Manage the Keystores and Certificates

The location of the ActivID Appliance keystore (containing the certificates and keys) depends on the cryptographic type:

  Cryptographic Type
Credentials

Software

External HSM

SSL server keys/certificates

Soft Key Store

Soft Key Store

IdP keys/certificates

Soft Key Store

HSM

ActivID portals direct users keys/certificates

Soft Key Store

Soft Key Store

ActivID database keys

Soft Key Store

HSM

From the ActivID Console Key Stores configuration page, you can:

  • View and manage CA certificates required for SSL Client authentication, Trusted IdP interaction, and Service Providers interaction.
  • View and manage your private certificates and eventually update them with certificates issued by a CA.
Important: You are responsible for the Certificate Lifecycle Management (CLM) of the certificates used in your ActivID Appliance system.

This includes updating the certificates before they expire to avoid an interruption of service.

As a best practice, it is strongly recommended that you implement policies and procedures to:

  • Monitor the certificates (expired, revoked or compromised) with automated notifications

  • Regularly maintain and update certificates with a defined renewal strategy

  • Identify a role (either an individual or team) who is responsible for certificate management according to your organization’s security policies and compliance requirements

Manage the Trusted CA Certificates

A list of Trusted CA certificates for SSL authentication is available by default in the Trusted certificates key store. You can add or delete certificates as needed.

  1. Log on to the ActivID Console and, under Configuration in the left menu, select Key Stores.

  2. To download the appliance’s self-signed root CA key store certificate, click Download Appliance Root CA.

    3. This certificate can be imported into the key store on other appliances in order to create a trusted relationship. For example, to trust a back-end appliance on a front-end appliance, and vice versa.

  3. To add Trusted CA certificates, browse to the certificate file and then click Import.

    4. Note: You need to restart the applications for the new trusted CA certificate to be taken into account.

  4. To delete CA certificates, select the certificate, click Delete, and then confirm the action (not illustrated).

Manage the ActivID Appliance SSL Server Certificate

The ActivID Appliance SSL server certificate is used to identify the server in SSL client authentications.

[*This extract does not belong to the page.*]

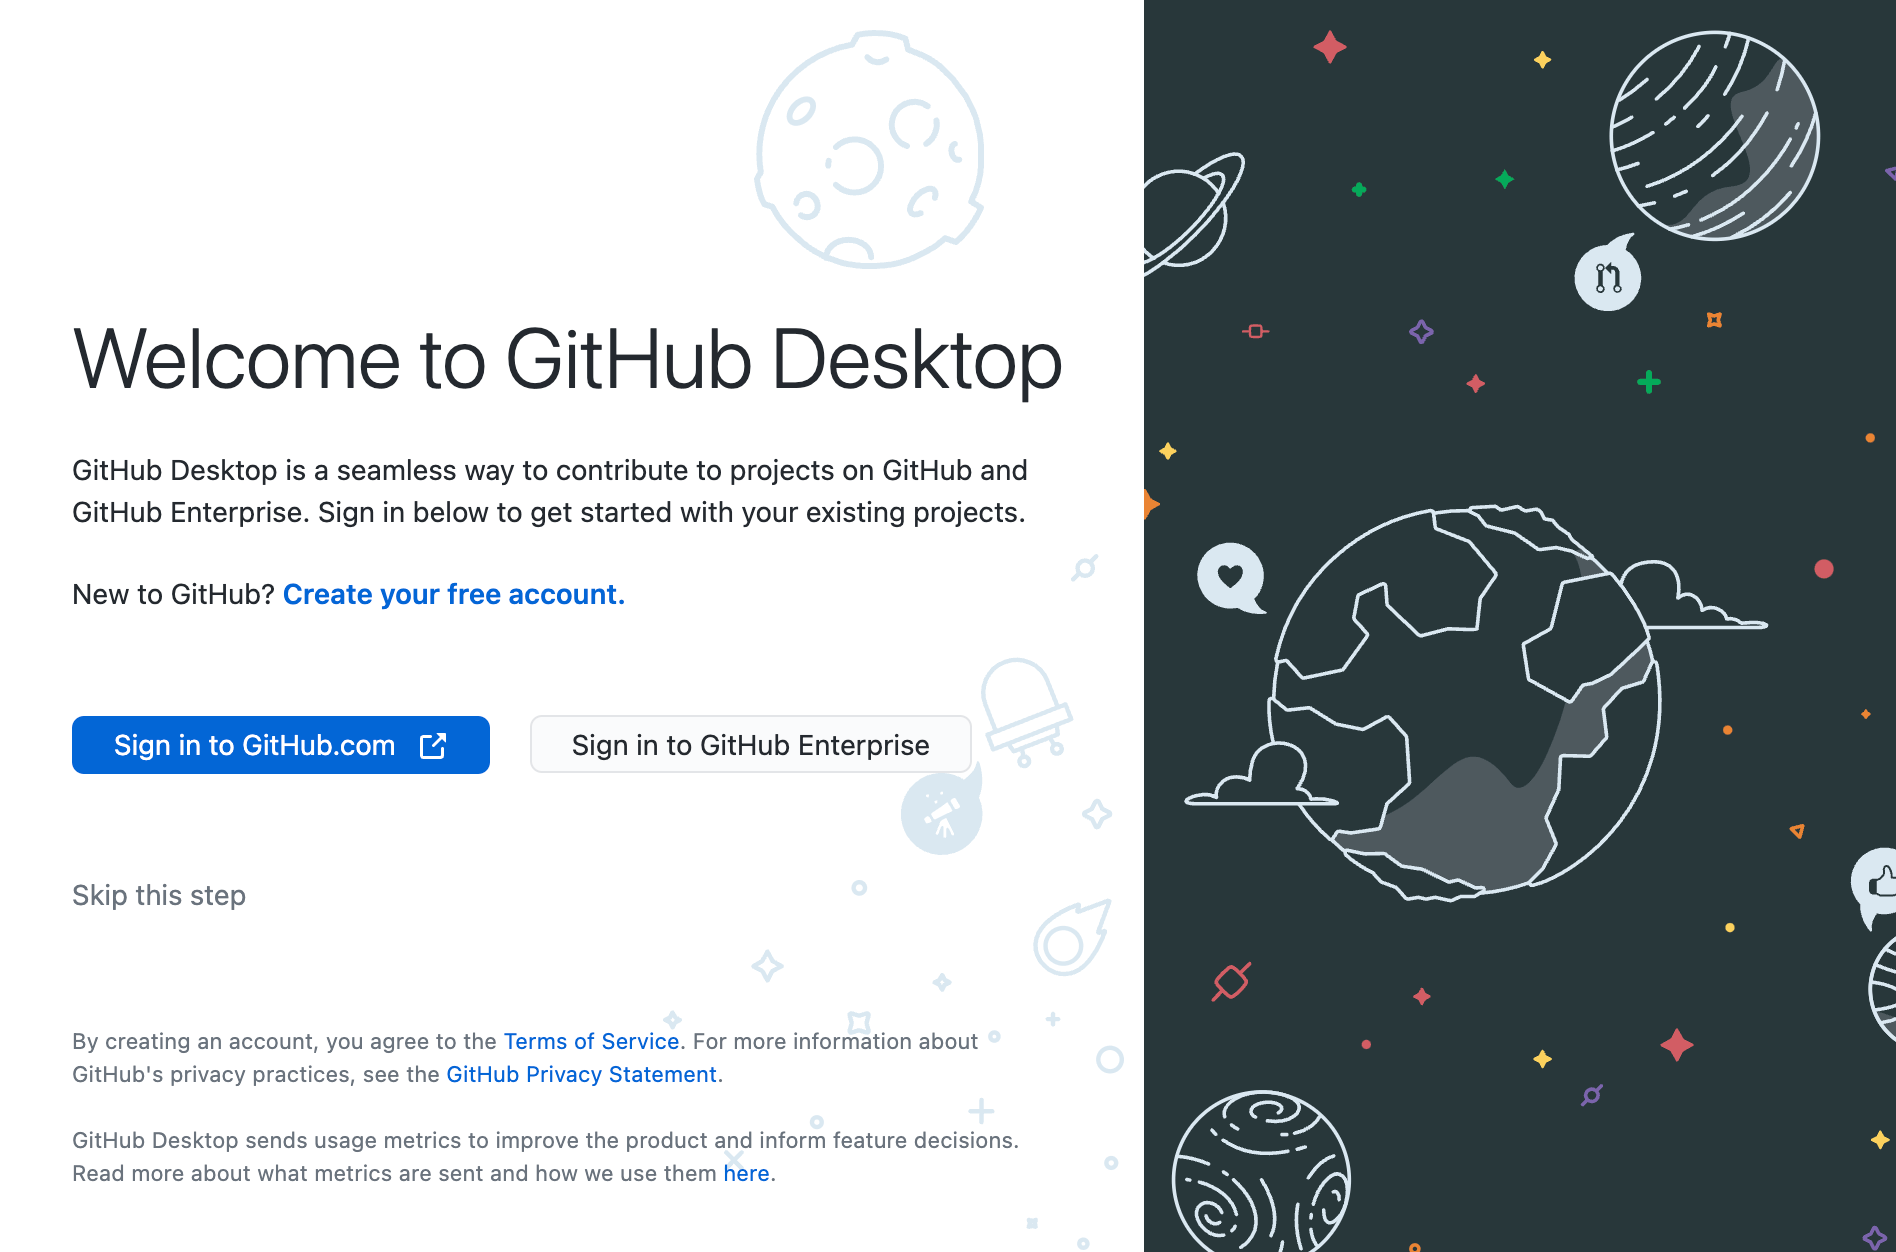 Sign in to GitHub.com

The default certificate is signed by the appliance root CA certificate and valid 10 years. You can download it from the ActivID Console key store and also update it with a CA signed certificate of your choice.

Download the Default Self-signed Certificate

  1. Log on to the ActivID Console and, under Configuration in the left menu, select Key Stores.

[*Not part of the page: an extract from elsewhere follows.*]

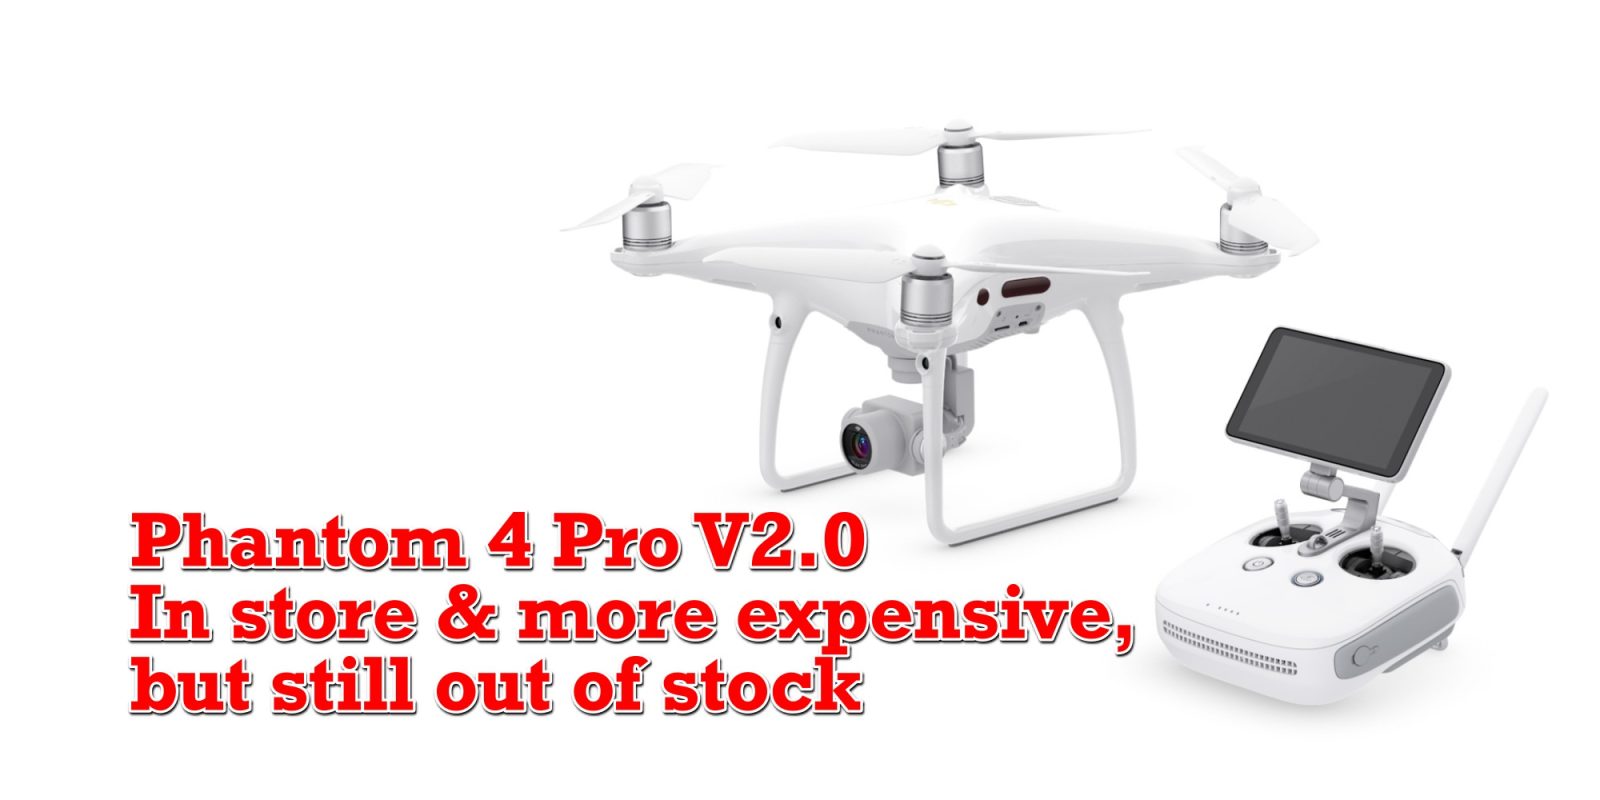 Phantom 4 Pro V2.0 back in DJI online store - higher price and out of stock

  2. Select Private Certificates.

  3. Select the Appliance SSL Server Certificate for your server.

  4. Click Download and then import the root CA certificate of this certificate into the trusted CA store of your client browser.

Update the Appliance SSL Certificate

To update the appliance server SSL certificate, request a certificate from your issuing CA, and add it to the truststore.

  1. Log on to the ActivID Console and, under Configuration in the left menu, select Key Stores.

  2. Select the SSL certificate name from the list of certificates.

  3. Click Update.

  4. Copy and paste this request into a text file, and send this request to your CA to issue a web server certificate for your appliance server.

    5. Important:
    • When copying the certificate request, highlight all the text including the ---BEGIN and End --- headers.
    • The certificate must be in the P7b format using base-64 encoding, and include the full certification chain.

    Alternatively, follow your organization's procedure to obtain a CA-signed web server certificate for use.

  5. In the Key Stores page, select the Trusted certificates tab and click Import to add the new issuing CA certificate to the trusted certificates key store.

  6. Click Save to update the key store.

  7. If you have deployed the ActivID RADIUS Front End, click Restart RADIUS Front End in the ActivID Applications page.

  8. After successfully importing the certificate, restart the appliance.

Manage ActivID IdP Signature and Encryption Certificates

ActivID IdP signature and encryption certificates are used for SAML exchanges between the ActivID IdP and Service Providers.

Sample certificates are signed by the appliance root CA.

Note:  

  • If the appliance is deployed with an external HSM, you must update the certificates manually in your HSM. Refer to the technical documentation provided with your HSM for details.

    • The Import option will not be available. After you have added them to your external HSM, restart the ActivID Console to view them in the key store.

  • If the appliance is deployed with software cryptography, you can use the ActivID Console menu to update these certificates.

  • You can download the signature and encryption certificate using the ActivID Management Console.